## PROVIDED RECORDS
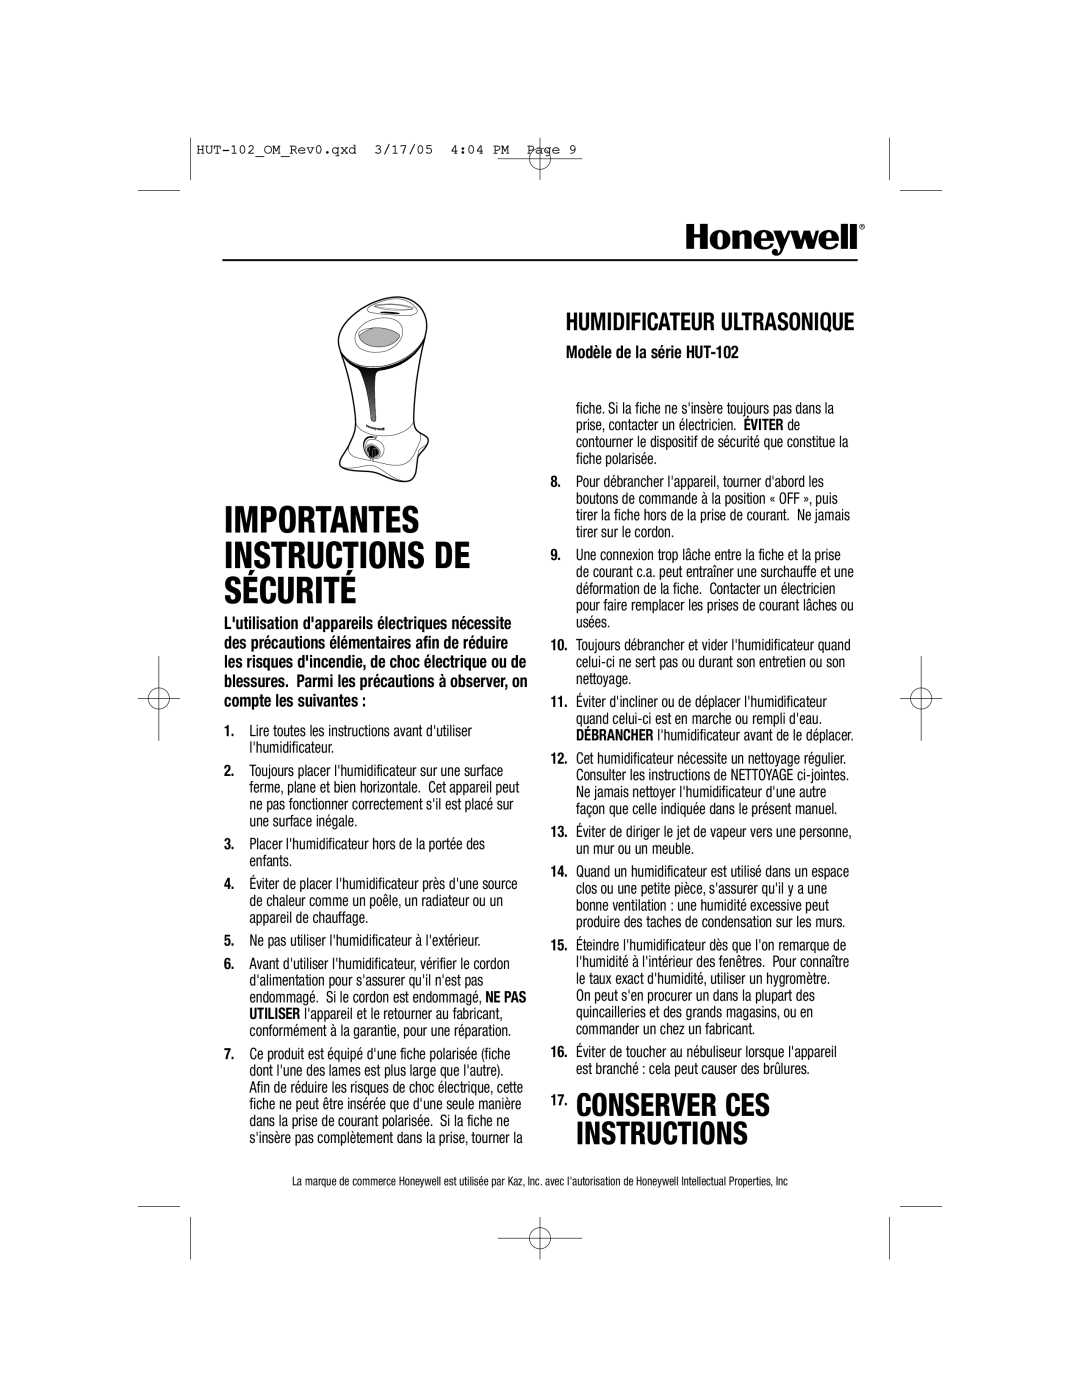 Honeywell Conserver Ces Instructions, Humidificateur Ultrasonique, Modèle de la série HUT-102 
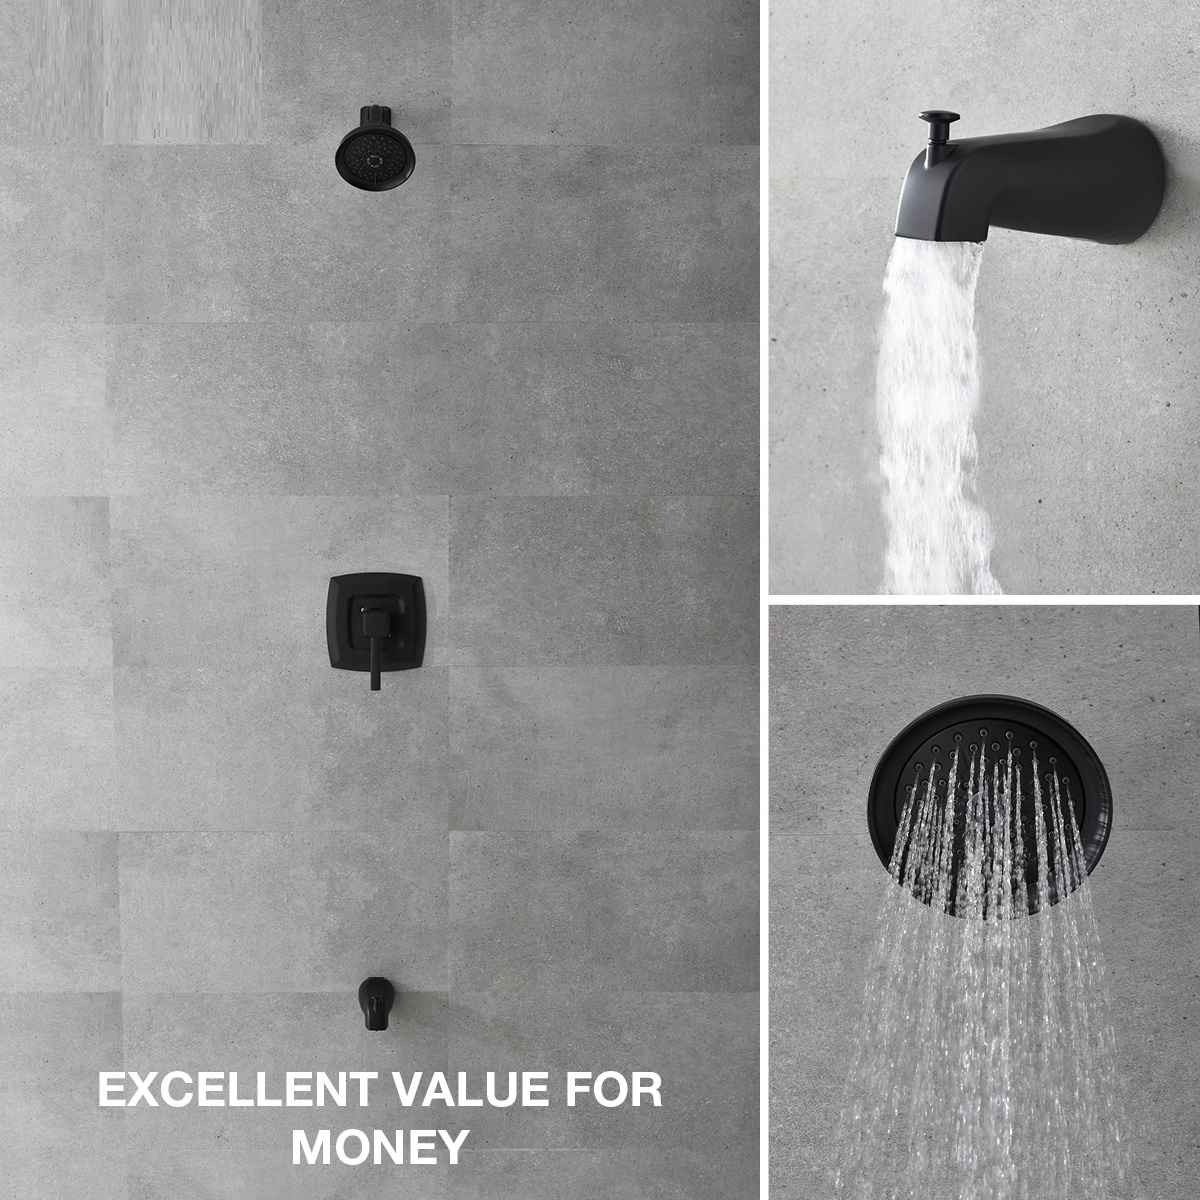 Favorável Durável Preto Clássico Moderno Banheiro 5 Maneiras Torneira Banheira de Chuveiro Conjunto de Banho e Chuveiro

* * *

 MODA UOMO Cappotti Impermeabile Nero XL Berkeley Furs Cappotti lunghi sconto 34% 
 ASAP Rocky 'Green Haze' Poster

* * *

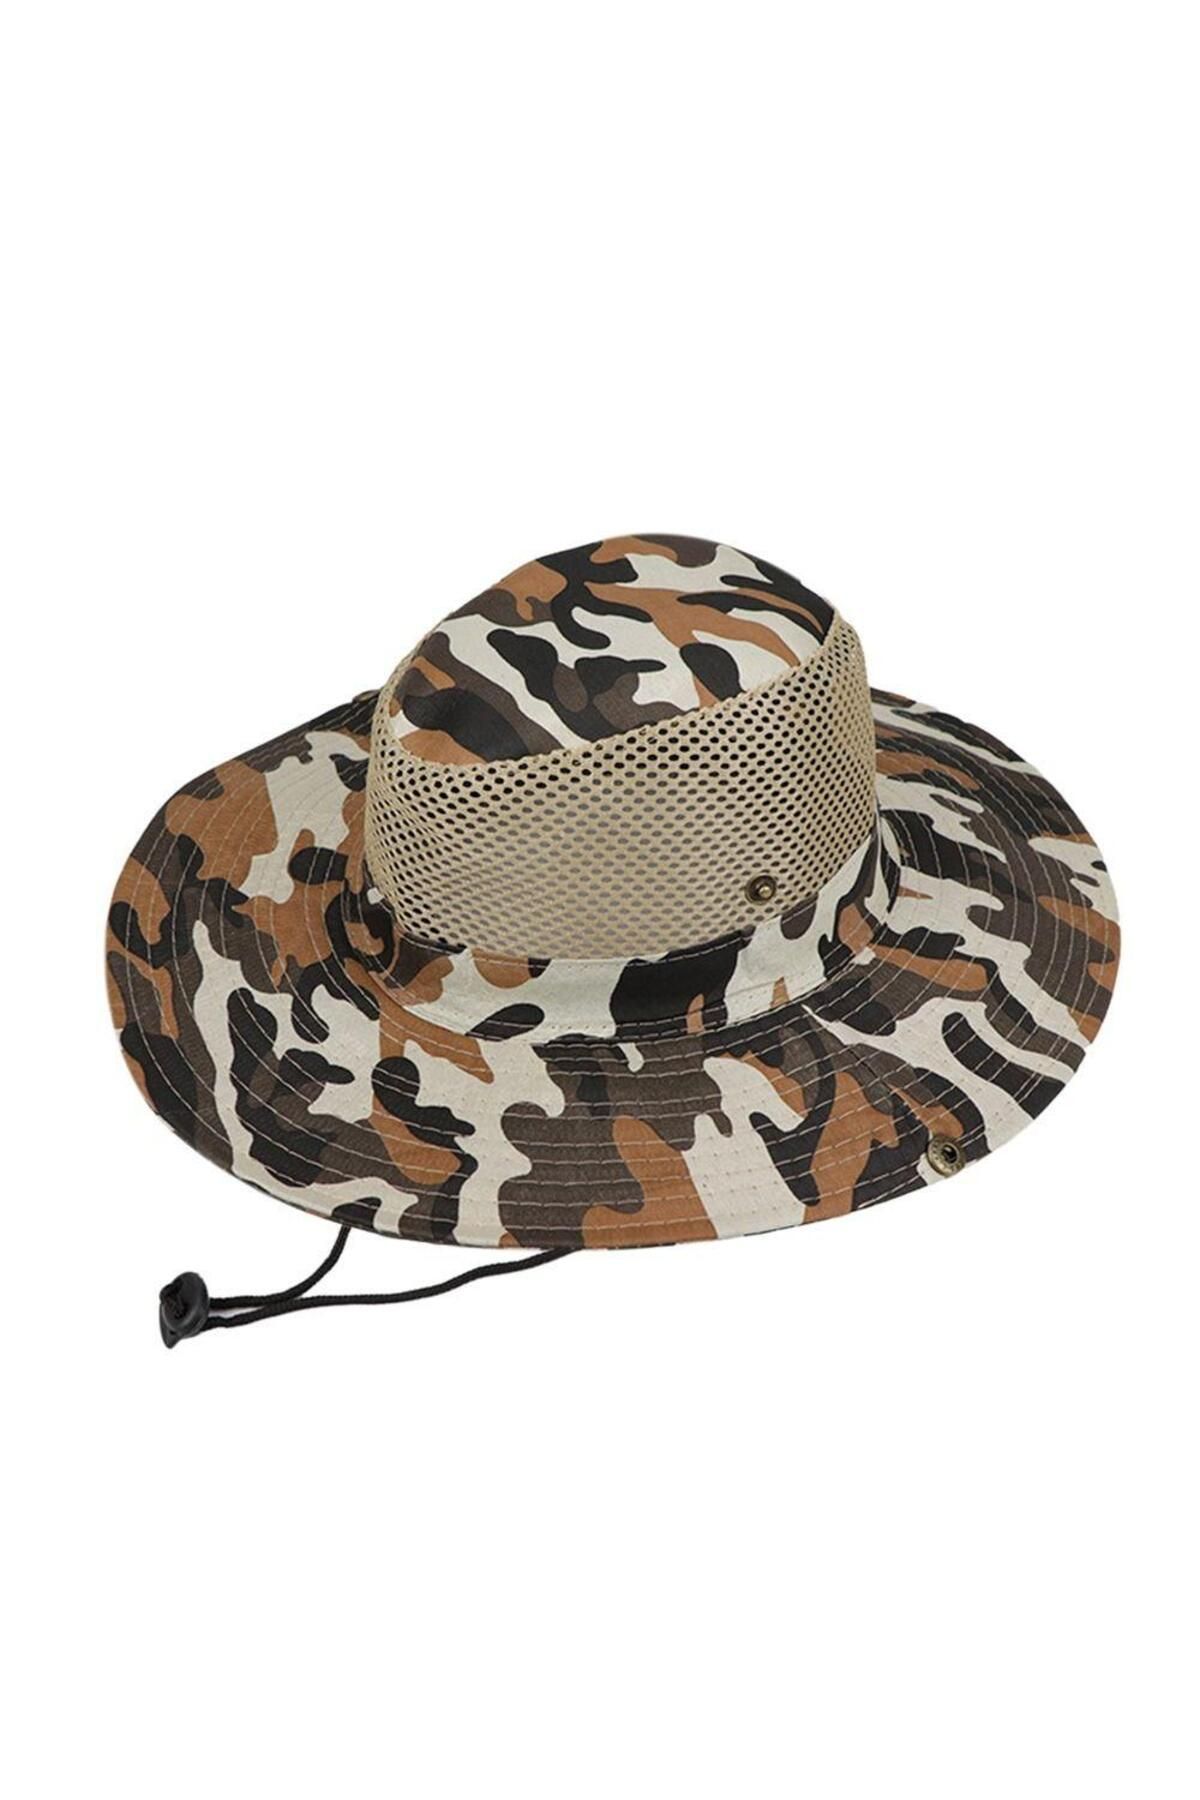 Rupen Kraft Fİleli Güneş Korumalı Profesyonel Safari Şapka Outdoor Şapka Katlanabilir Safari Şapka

## PROBLEM DETAILS
Within the material above, extract exactly the lines that start at the line containing "MODA UOMO Cappotti" and stop after the line containing "ASAP Rocky 'Green Haze' Poster", and only those.

## EXERCISE RESPONSE
 MODA UOMO Cappotti Impermeabile Nero XL Berkeley Furs Cappotti lunghi sconto 34% 
 ASAP Rocky 'Green Haze' Poster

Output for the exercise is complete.